═══ Provided data

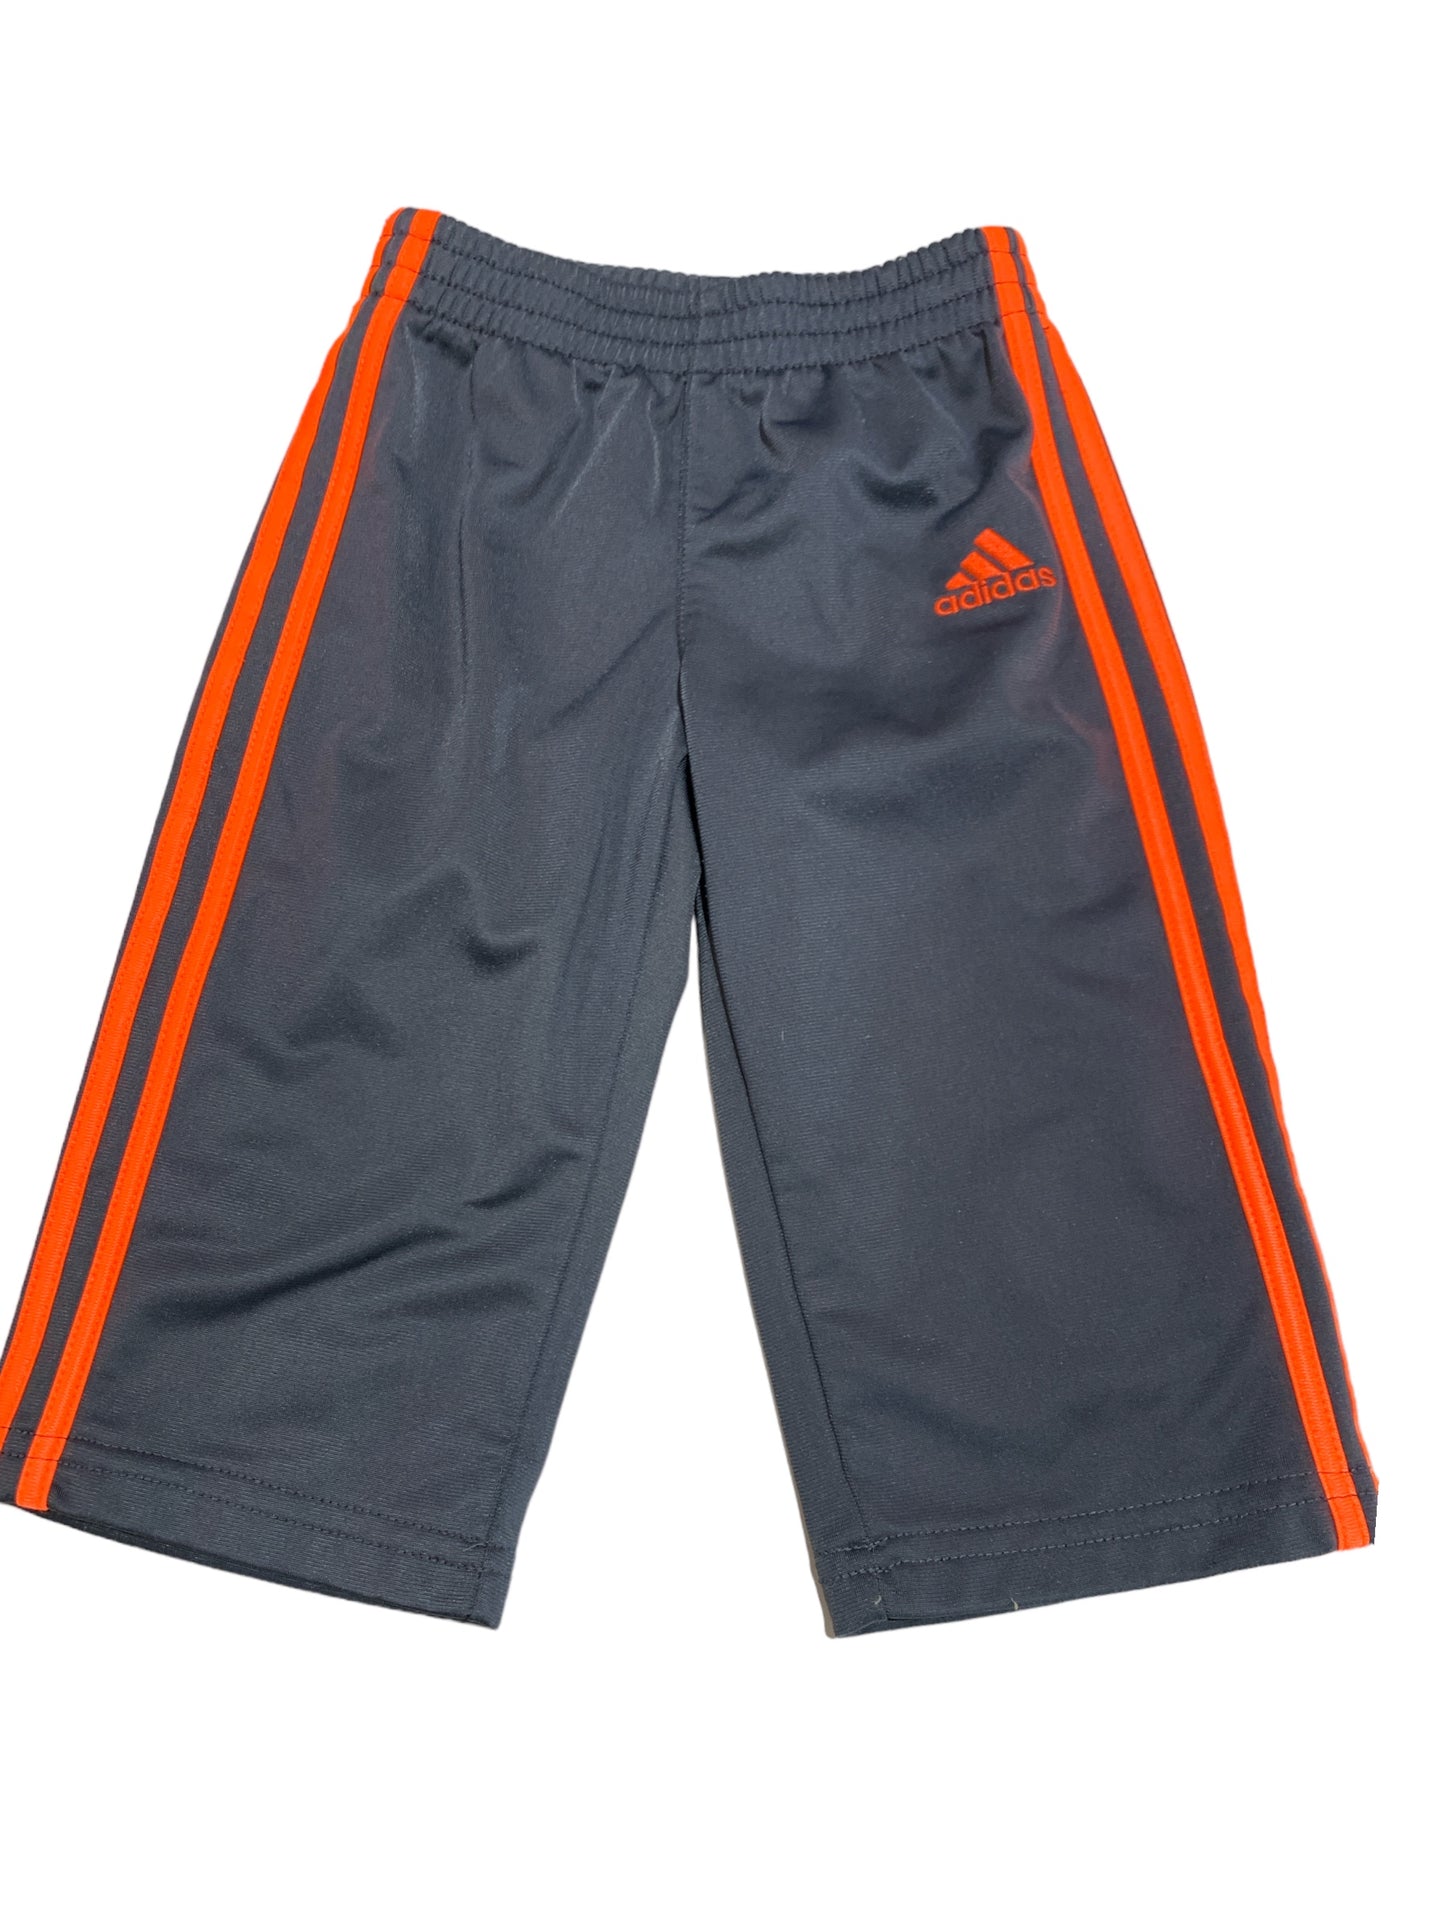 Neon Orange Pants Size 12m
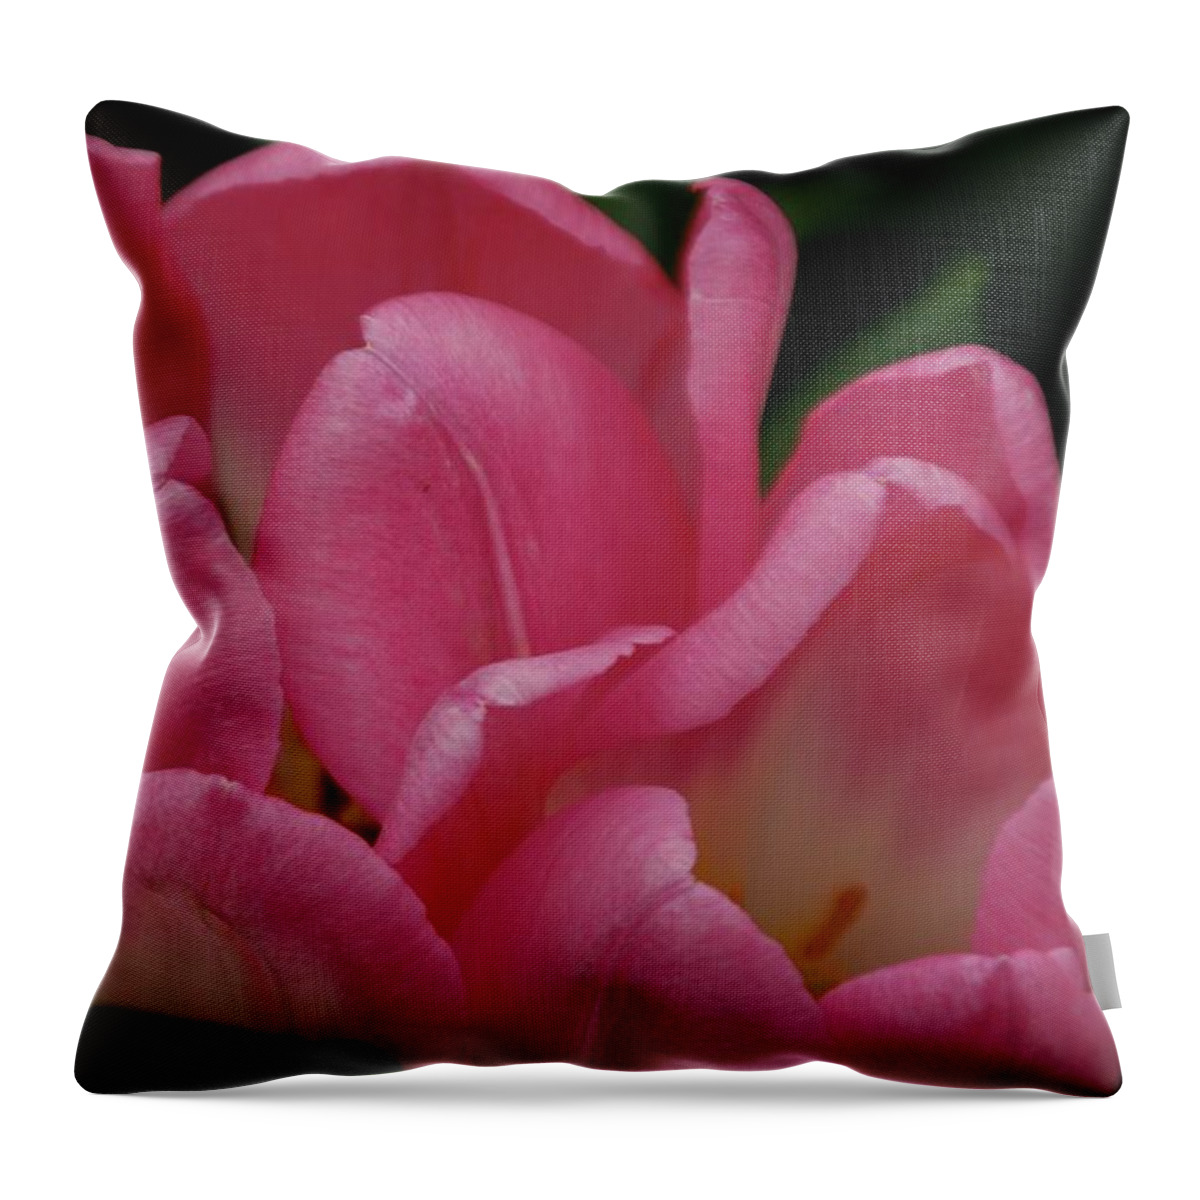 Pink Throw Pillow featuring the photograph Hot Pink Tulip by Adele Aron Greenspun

══════
═══ Provided data

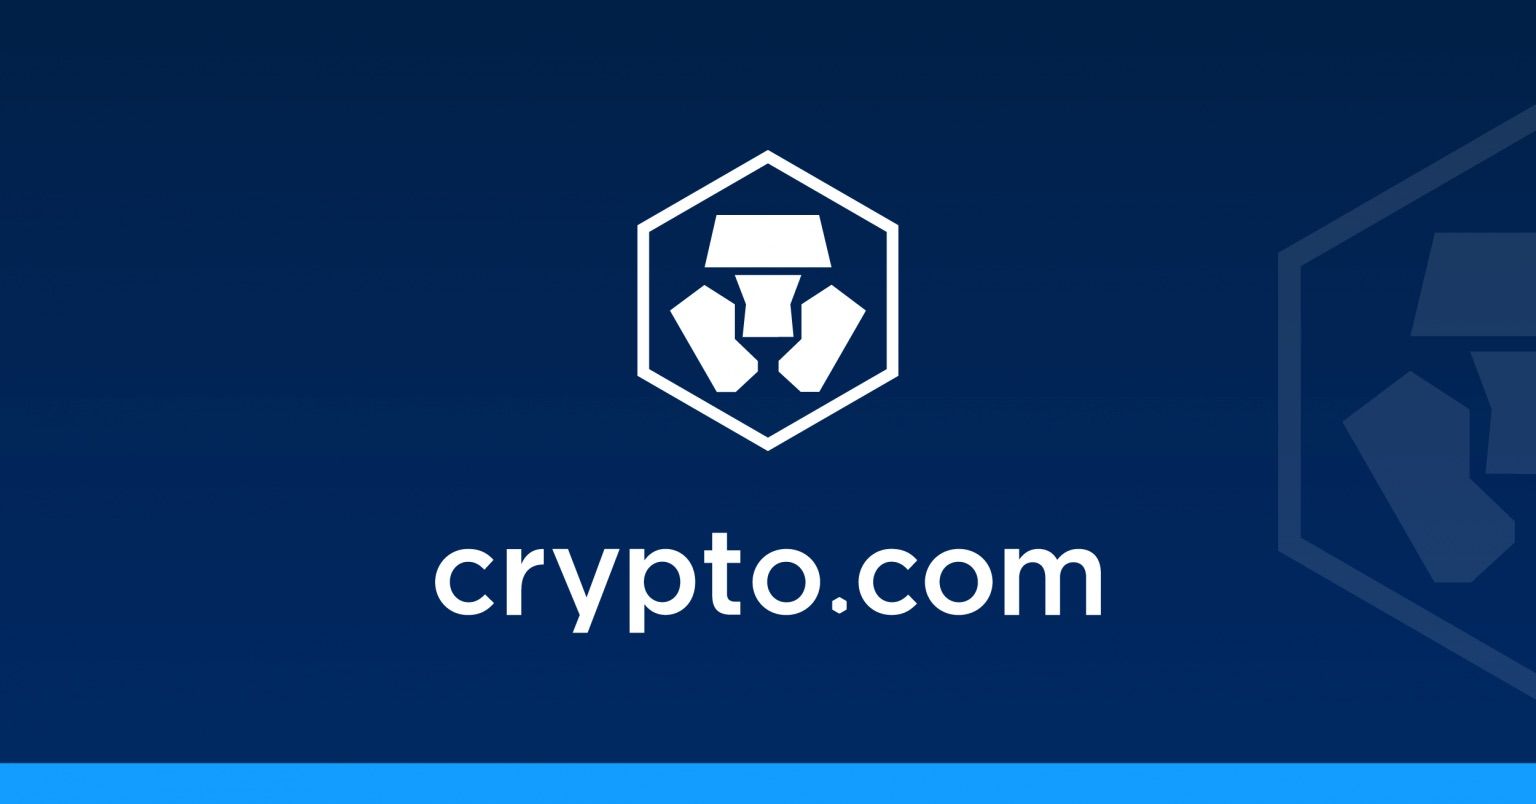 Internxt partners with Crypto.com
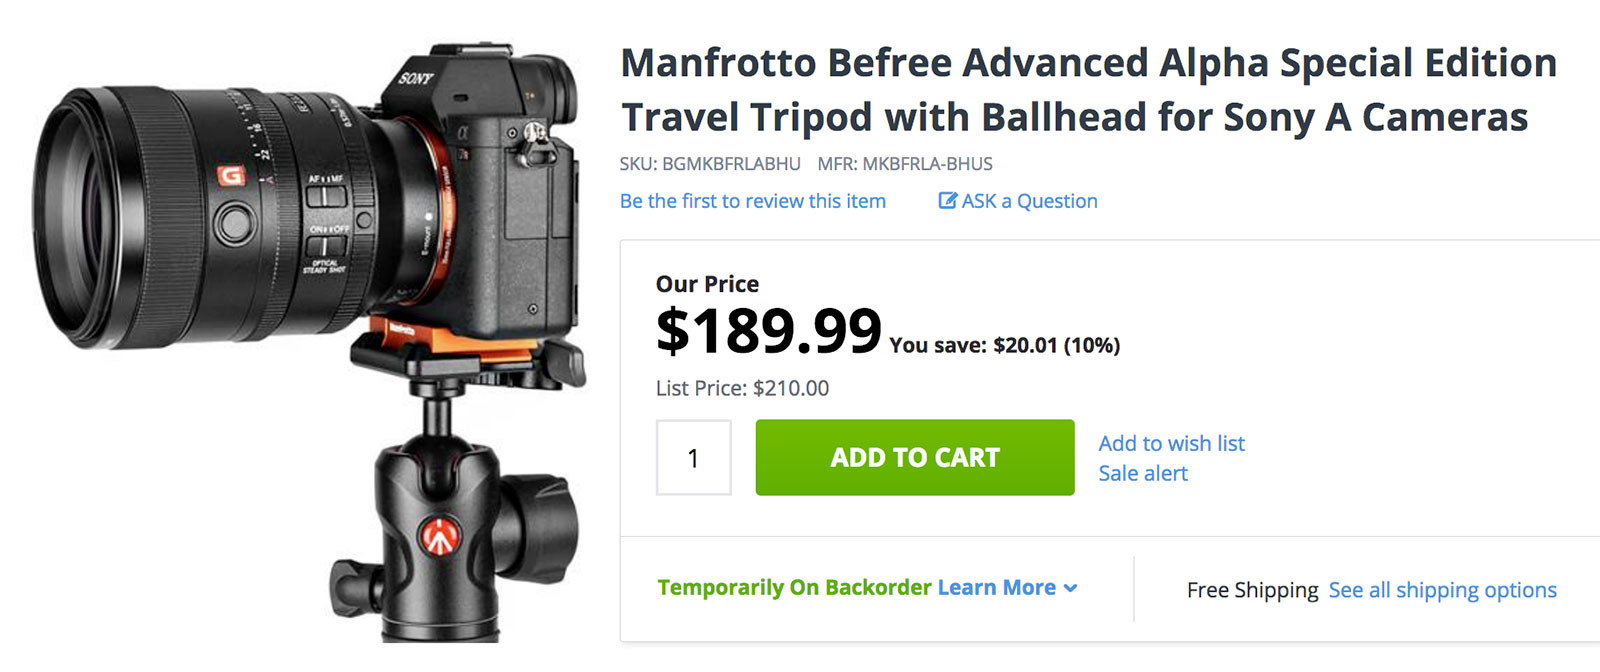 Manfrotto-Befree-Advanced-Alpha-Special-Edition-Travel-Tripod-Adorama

══════

What is expected. Which part of the entries opens with the line containing "Neon Orange Pants Size 12m" and closes with the line containing "Pink Throw Pillow"? Output that part exactly, ends included, pictures excluded.

Written reply.
 Neon Orange Pants Size 12m
 Pink Throw Pillow featuring the photograph Hot Pink Tulip by Adele Aron Greenspun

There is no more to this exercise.